The task:
The lines below, from the one holding "Omiaiは新規会員が圧倒的に有利" through the one holding "Horrido - Damen Premium Organic Shirt-6883", are to be restated word for word, with all images left out.

Task inputs:
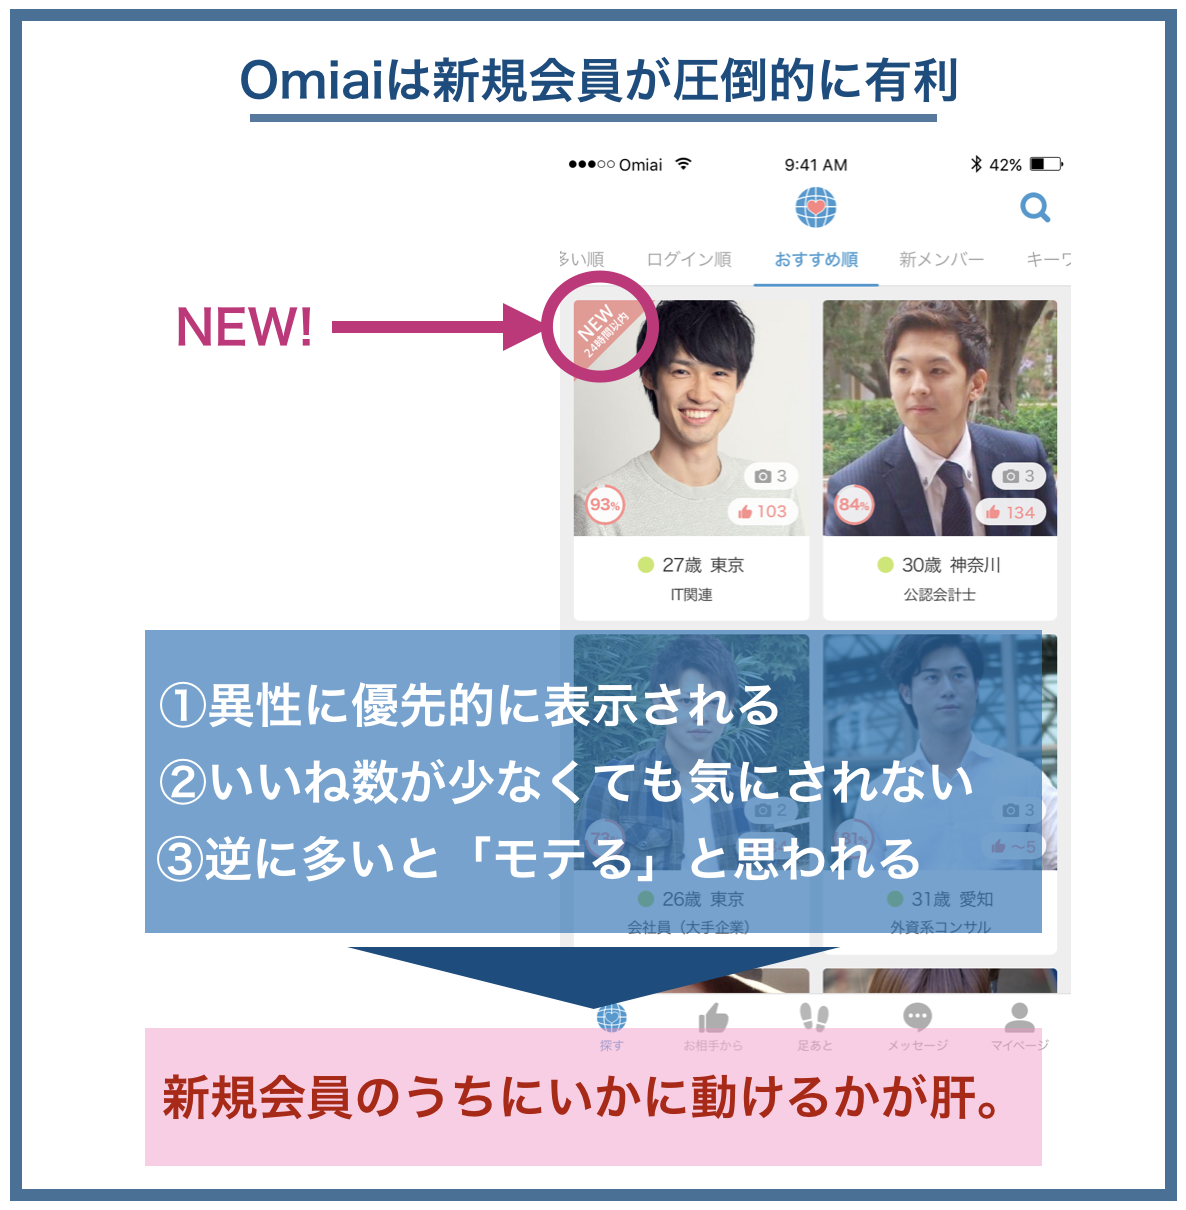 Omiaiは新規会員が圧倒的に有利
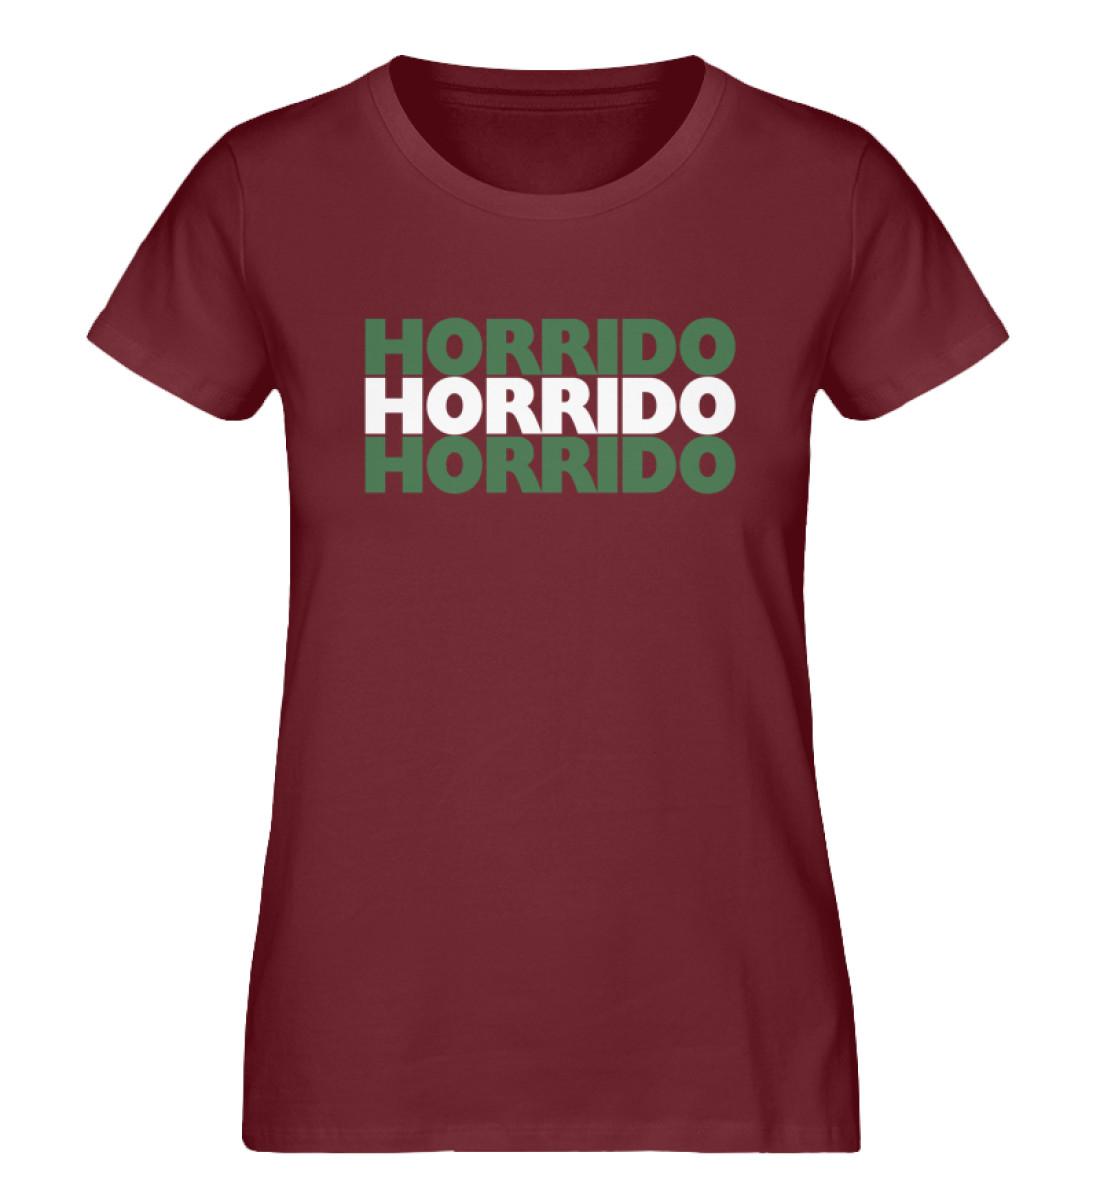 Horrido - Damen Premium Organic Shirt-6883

---

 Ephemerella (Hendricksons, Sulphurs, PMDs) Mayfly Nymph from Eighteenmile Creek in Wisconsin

Solution to this problem:
 Omiaiは新規会員が圧倒的に有利
 Horrido - Damen Premium Organic Shirt-6883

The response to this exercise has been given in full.